- Interactive map of Arasan health complex

General information
- Location: Almaty, Kazakhstan
- Coordinates: 43°18′N 76°54′E﻿ / ﻿43.3°N 76.9°E
- Completed: 1982

= Arasan (health complex) =

Arasan (translated from Kazakh - a warm source) is a health-improving complex in Almaty.

==Baths of Almaty==
Before the October Revolution, two city baths functioned in Verny (Almaty's name at the time). Officially they were called: "The Titov Brothers' Trade National Baths" and "Zhilenkov's Bath". Almost the entire urban population of Verny washed in city baths. However, their condition did not meet sanitary standards.

In the Kazakh Soviet Socialist Republic, the problem with baths was very serious, as evidenced by the order No. 44 of the Semirechye Regional Revolutionary Committee "On providing the population of the Turkestan Republic with baths" issued in April 1921.

In 1926, in the city on Fontannaya Street (now Abai Ave.), a bathhouse was built - No. 1 (Fontannaya St., 54), which had 12 separate rooms (two of them with a bath) and two common bath rooms for 33 people each. In 1933 - bath number 2 (Oktyabrskaya st., 21). In 1935 a bathhouse was built on Gogolevskaya street (Gogol street).

In the 1950s, there were 5 baths with 703 beds in the city.

After the city overcame the population of 1 million people, the norms for the provision of baths were not observed by a factor of two (1.6 versus 3.0 places per 1000 inhabitants).

==Wellness complex==
One of the requirements for the project of the health-improving complex was its architectural uniqueness. This was due to the socialist competition between the Kazakh SSR and the Uzbek SSR. In 1974, a large-scale complex of oriental baths was built in Tashkent.

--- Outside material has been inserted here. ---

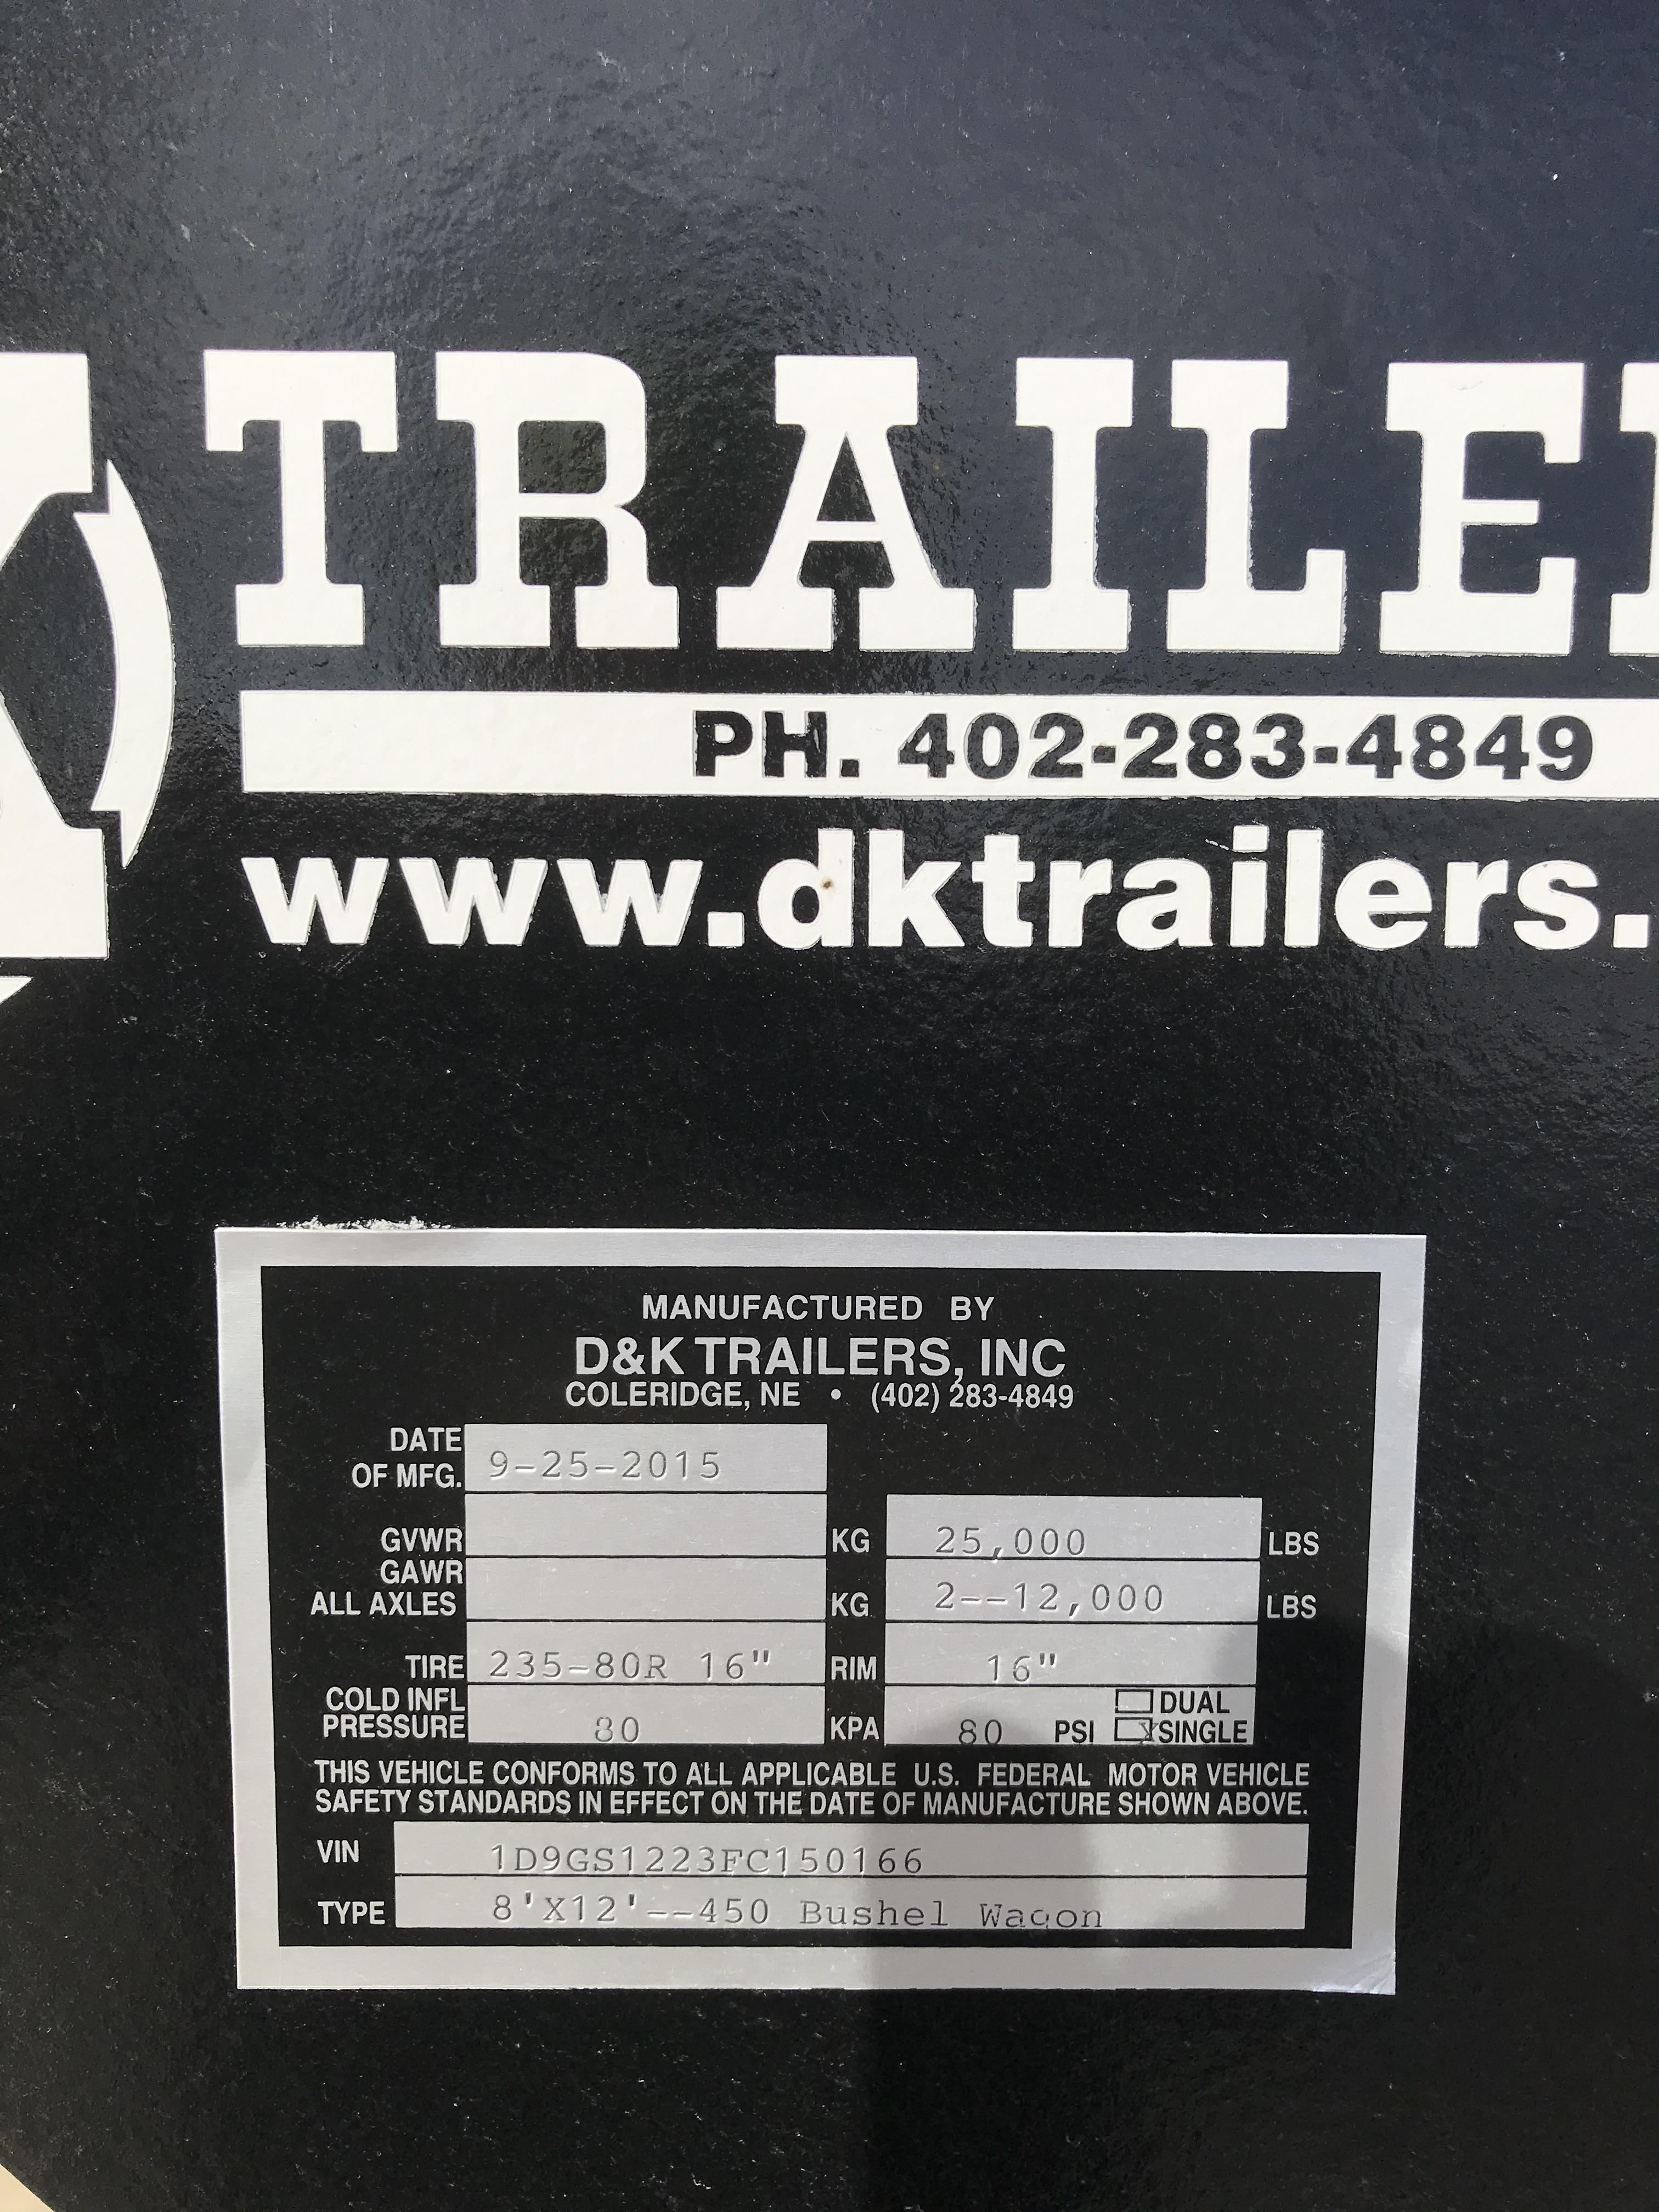 2015 D&K Grain Master 450 Bu. Grain Trailer, Gooseneck Hitch, 2-12 Ton Axles, Twin Jacks, Elec. Over - Image 5 of 5

Built in 1979-1982 under the leadership of a group of architects and designers (V. T. Khvan, M. K. Ospanov, V. Chechelev, K. R. Tulebaev, etc.) on the site of the baths in 1935 on Gogol Street. The "Arasan" complex includes oriental, Russian and Finnish baths, a hydropathic establishment, a shower pavilion, and a children's department. The complex was built in the so-called "Golden Square" of the city.

After the independence of Kazakhstan, the complex continued to be in state ownership, but was completely leased out.

The reconstruction of the entire complex was completed in 2012.

In 2016, the building of the health complex was reconstructed again. During the restoration work, a major overhaul was carried out. The oriental flavor and uniqueness of the building were not touched during the reconstruction.

==Architecture==
According to the project, it is designed to serve 2,500 people a day. The volume of the construction is about 100,000 m^{3}. A frame building with brick walls, has 5 floors, where technical and functional premises are located. The western building dominating in the spatial composition has a semicircular outline and is crowned with a ribbed dome. Smaller domes cover the bath rooms. The health complex was built taking into account the seismicity of Almaty. It includes 12 pavilions. 6 domes are made of precast concrete. In the interior decoration, valuable species of stone, wood, ceramics, plaster were used. The facade of the building is decorated with granite and marble.

==Monument status==
On January 26, 1984, the health-improving complex was included in the State list of historical and cultural monuments of local importance in Almaty.

On November 10, 2010, a new State List of Historical and Cultural Monuments of Local Significance of the city of Almaty was approved, simultaneously with which all previous decisions on this matter were invalidated. In this Resolution, the status of a local monument of the building of the health complex was preserved. The boundaries of the protected zones were approved in 2014.